Exercise prompt → Reproduce, exactly and only, the lines of the data that follows from the one containing "Climb the towering orange sand dunes" down to the one containing "MADEWELL Denim Shirtdress, Main, color, 405", without pictures.

Record set →
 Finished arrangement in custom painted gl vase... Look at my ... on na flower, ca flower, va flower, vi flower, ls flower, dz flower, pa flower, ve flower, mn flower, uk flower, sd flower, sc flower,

==

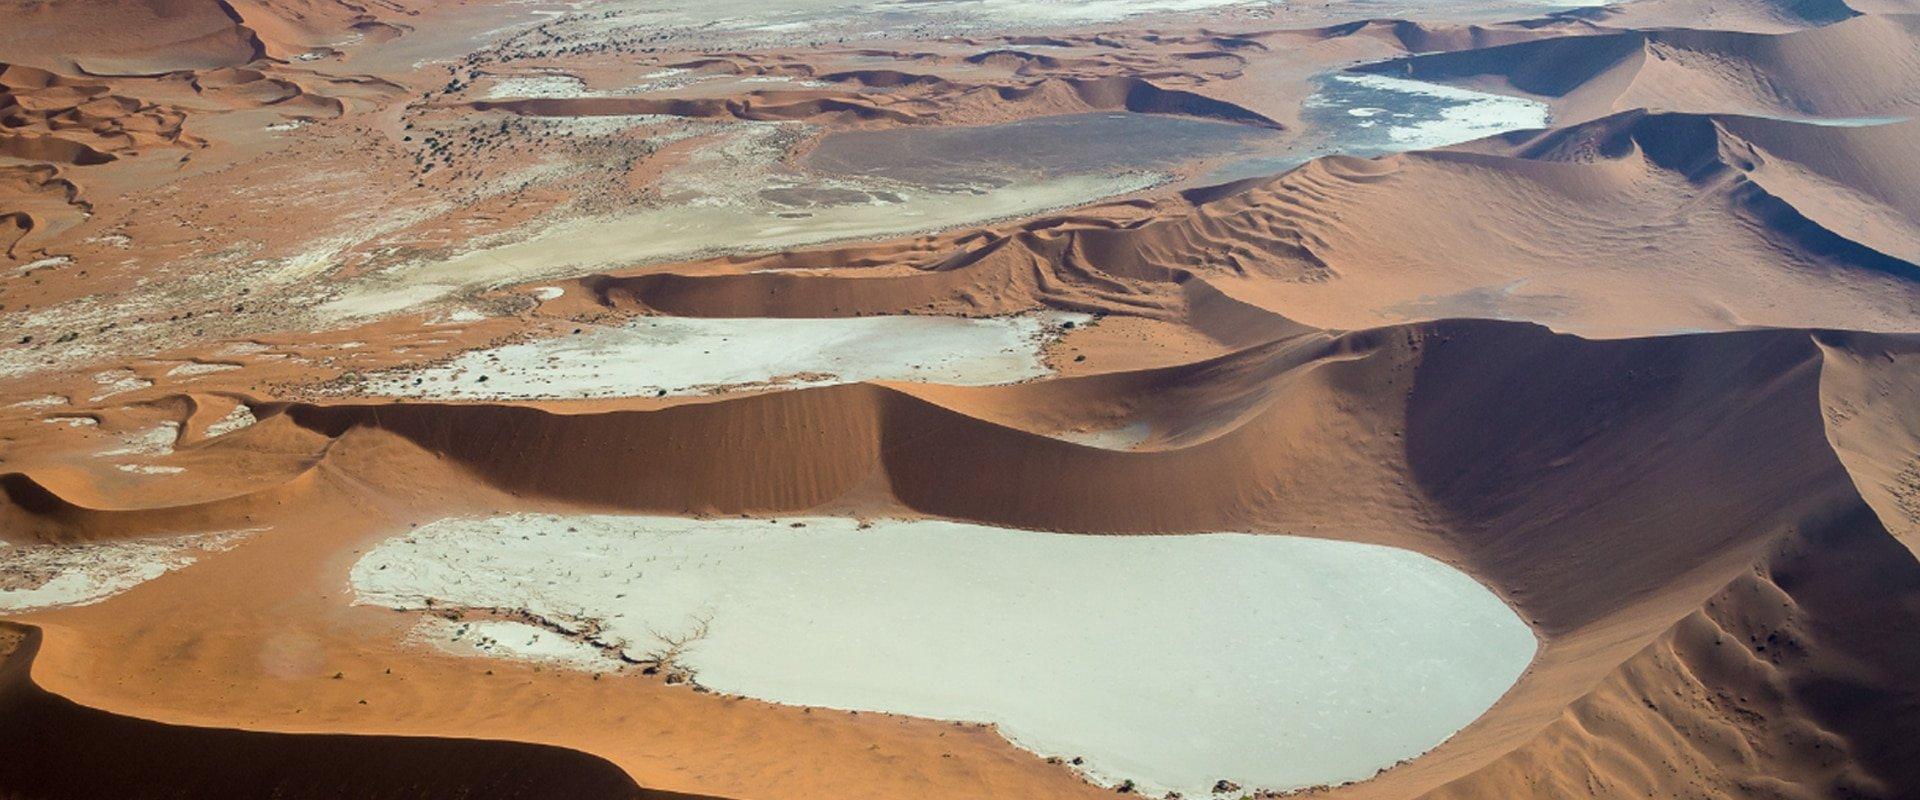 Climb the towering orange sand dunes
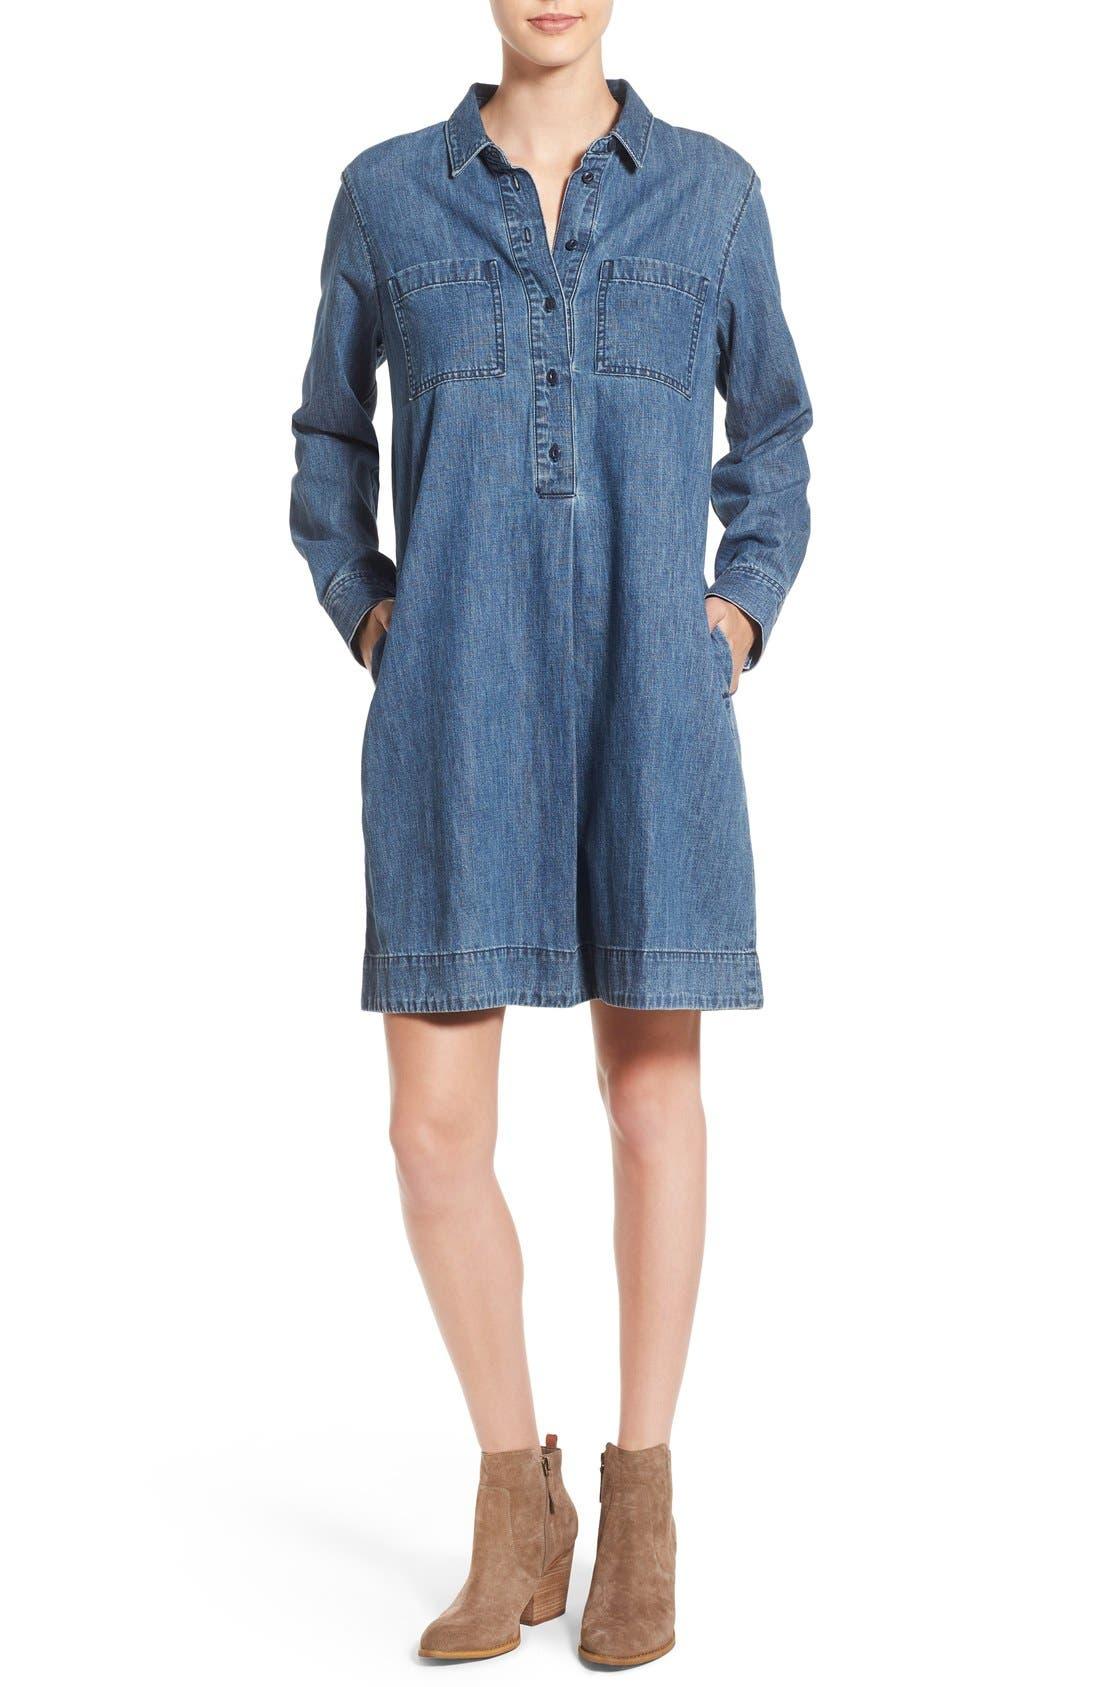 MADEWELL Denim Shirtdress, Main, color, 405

Response area →
 Climb the towering orange sand dunes
 MADEWELL Denim Shirtdress, Main, color, 405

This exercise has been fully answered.